1. A Python tuple or str instance do not have this constraint.
2. Instances of those classes are immutable.

**Important**: Although a list has a particular length when constructed, the class allows us to add elements to the list, with no apparent limit on the overall capacity of the list.

* To provide this abstraction, Python relies on **_dynamic array_**

In [4]:
import sys                  # provides getsizeof function
data = []
for k in range(10):         # NOTE: must fix choice of n
    a = len(data)           # number of elements
    b = sys.getsizeof(data) # actual size in bytes
    print('Length: {0:3d}; Size in bytes: {1:4d}'.format(a, b))
    data.append(None)       # increase length by one
    

Length:   0; Size in bytes:   56
Length:   1; Size in bytes:   88
Length:   2; Size in bytes:   88
Length:   3; Size in bytes:   88
Length:   4; Size in bytes:   88
Length:   5; Size in bytes:  120
Length:   6; Size in bytes:  120
Length:   7; Size in bytes:  120
Length:   8; Size in bytes:  120
Length:   9; Size in bytes:  184


* We see that an empty list instance already requires a certain number of bytes of memory (56 on our system).
* Each object in Python maintains some state, for example, a reference to denote the class to which it belongs.

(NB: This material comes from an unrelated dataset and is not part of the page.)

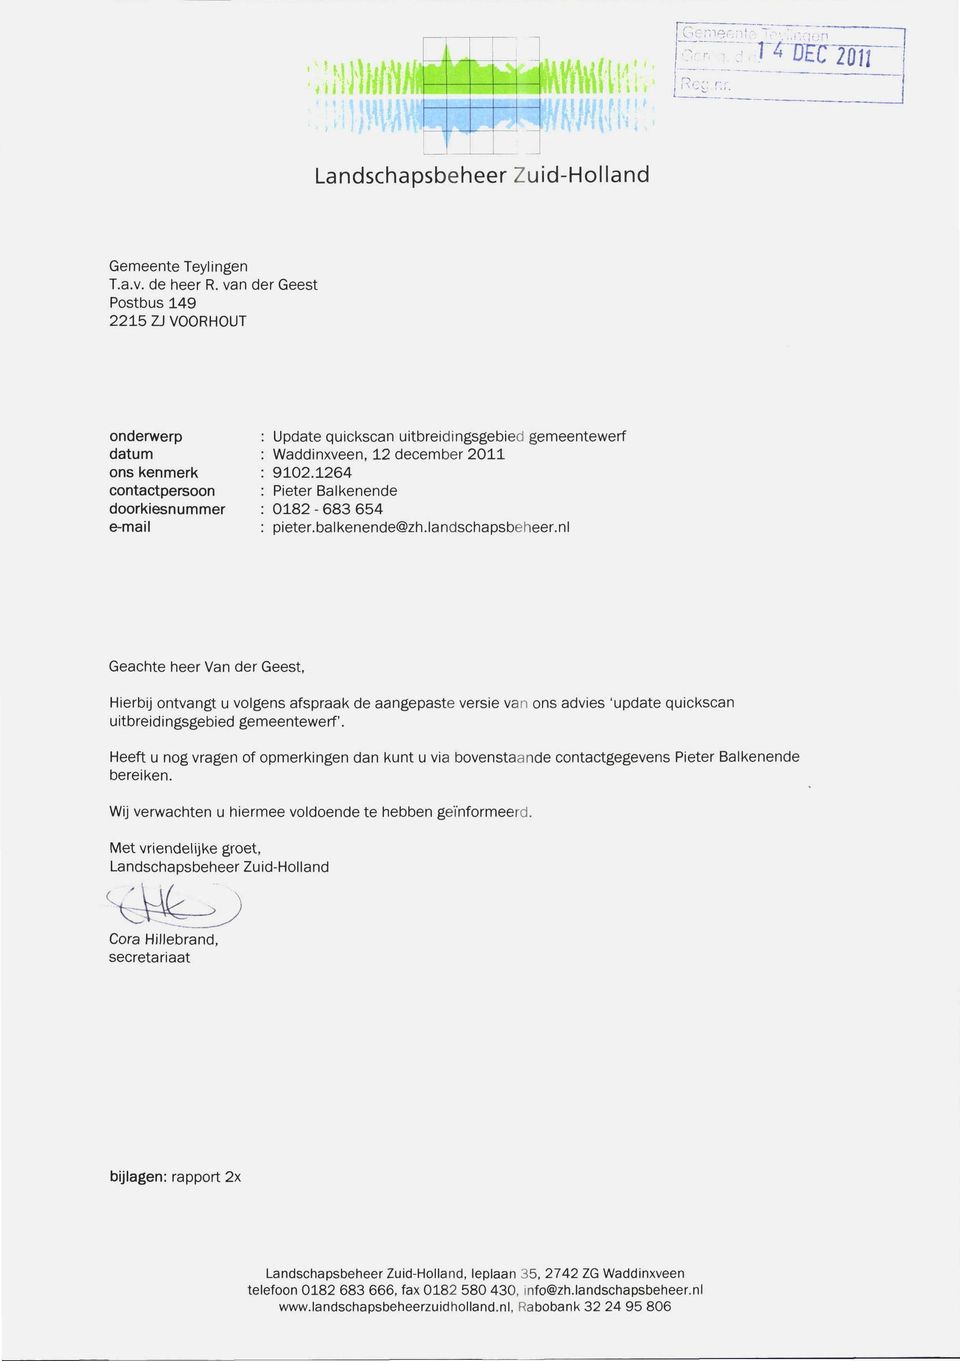 1264 : Pieter Balkenende : 0182-683 654 : pieter.balkenende@zh.landschapsbeheer.

* As soon as the first element is inserted into the list, we detect a change in the underlying size of the structure (**jump from 56 to 88, i.e. 32 bytes**).

* This code was run on a 64-bit machine, meaning that each memory address is a 64-bit number (i.e., 8 bytes).
* This means that the increase of 32 bytes reflects the allocation of an underlying array capable of storing four object references.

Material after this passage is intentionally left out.